» DATASET CONTENT:

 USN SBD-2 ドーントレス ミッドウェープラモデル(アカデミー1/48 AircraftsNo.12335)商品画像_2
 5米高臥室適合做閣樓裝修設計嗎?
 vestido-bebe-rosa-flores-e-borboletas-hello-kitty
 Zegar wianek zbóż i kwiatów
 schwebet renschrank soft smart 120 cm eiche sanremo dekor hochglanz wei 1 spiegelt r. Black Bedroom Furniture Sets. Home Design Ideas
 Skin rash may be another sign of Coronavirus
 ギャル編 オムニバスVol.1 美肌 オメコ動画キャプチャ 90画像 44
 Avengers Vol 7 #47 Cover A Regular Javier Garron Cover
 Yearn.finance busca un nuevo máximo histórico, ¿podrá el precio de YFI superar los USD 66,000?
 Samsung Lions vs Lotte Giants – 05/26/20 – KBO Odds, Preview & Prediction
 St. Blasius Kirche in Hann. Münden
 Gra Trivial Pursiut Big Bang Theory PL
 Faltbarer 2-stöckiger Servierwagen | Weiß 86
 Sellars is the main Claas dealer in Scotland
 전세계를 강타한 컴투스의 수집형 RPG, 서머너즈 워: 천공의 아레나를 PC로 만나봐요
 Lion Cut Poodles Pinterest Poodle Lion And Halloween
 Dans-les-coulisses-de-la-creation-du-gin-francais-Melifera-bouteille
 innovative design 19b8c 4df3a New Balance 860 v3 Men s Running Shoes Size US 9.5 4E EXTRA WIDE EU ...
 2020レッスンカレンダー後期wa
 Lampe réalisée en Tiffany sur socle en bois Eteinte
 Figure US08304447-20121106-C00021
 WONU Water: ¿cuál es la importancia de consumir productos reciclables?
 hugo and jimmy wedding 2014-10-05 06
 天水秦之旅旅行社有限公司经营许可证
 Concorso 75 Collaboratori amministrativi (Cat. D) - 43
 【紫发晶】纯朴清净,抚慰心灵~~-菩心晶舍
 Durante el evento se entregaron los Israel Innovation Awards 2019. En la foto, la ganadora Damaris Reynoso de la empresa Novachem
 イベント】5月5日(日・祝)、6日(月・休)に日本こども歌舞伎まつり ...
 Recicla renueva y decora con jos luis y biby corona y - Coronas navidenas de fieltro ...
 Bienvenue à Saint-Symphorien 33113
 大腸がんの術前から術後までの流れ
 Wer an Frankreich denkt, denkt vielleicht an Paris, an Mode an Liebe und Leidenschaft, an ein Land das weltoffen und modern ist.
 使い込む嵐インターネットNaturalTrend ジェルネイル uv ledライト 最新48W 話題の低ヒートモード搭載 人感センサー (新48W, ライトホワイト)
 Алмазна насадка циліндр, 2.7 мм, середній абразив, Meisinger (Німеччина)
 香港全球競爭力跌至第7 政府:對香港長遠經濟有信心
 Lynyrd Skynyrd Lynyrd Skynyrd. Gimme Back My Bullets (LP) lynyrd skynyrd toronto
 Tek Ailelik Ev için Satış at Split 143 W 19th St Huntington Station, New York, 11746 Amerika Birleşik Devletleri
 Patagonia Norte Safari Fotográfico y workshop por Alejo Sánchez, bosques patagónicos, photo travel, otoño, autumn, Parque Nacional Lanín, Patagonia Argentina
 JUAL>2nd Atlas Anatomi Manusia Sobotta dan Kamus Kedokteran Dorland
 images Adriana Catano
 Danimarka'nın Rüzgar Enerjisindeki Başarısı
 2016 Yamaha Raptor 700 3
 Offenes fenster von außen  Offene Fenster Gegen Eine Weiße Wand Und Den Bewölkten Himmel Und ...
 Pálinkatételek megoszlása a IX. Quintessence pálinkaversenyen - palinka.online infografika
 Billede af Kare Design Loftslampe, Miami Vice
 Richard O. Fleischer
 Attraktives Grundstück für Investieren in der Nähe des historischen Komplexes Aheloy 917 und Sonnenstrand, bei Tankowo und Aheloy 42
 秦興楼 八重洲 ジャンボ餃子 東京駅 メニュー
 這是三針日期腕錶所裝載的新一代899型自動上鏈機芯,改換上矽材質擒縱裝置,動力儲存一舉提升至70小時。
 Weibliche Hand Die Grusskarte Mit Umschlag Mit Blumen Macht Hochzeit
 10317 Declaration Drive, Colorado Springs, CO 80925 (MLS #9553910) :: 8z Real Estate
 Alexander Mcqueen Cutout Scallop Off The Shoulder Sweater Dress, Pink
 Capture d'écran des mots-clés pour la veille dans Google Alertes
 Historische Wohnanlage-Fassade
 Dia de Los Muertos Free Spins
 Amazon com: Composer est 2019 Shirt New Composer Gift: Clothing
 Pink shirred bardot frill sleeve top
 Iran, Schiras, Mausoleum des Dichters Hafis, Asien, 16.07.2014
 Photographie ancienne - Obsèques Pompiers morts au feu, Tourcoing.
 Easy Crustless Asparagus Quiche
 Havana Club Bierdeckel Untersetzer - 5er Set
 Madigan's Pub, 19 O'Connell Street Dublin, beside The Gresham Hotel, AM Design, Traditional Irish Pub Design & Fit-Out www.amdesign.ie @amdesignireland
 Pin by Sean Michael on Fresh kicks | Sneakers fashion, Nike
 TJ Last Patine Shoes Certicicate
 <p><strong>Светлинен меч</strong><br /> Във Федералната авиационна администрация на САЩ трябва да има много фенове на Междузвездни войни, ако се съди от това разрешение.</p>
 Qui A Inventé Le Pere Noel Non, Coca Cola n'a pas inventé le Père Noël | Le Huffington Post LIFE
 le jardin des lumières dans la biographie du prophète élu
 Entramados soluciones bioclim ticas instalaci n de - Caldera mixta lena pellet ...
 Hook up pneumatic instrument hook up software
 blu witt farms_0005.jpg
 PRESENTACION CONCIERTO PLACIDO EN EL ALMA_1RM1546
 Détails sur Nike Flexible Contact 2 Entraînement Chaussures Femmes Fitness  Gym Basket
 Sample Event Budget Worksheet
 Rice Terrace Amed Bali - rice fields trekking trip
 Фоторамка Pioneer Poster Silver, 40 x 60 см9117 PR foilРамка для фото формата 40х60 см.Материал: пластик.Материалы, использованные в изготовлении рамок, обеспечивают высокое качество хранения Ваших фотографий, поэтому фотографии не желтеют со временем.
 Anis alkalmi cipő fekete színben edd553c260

» WORK ORDER: In the data above, how many lines include the word "Nike"? Answer with the number only.

» RESPONSE FOR THIS EXERCISE: 2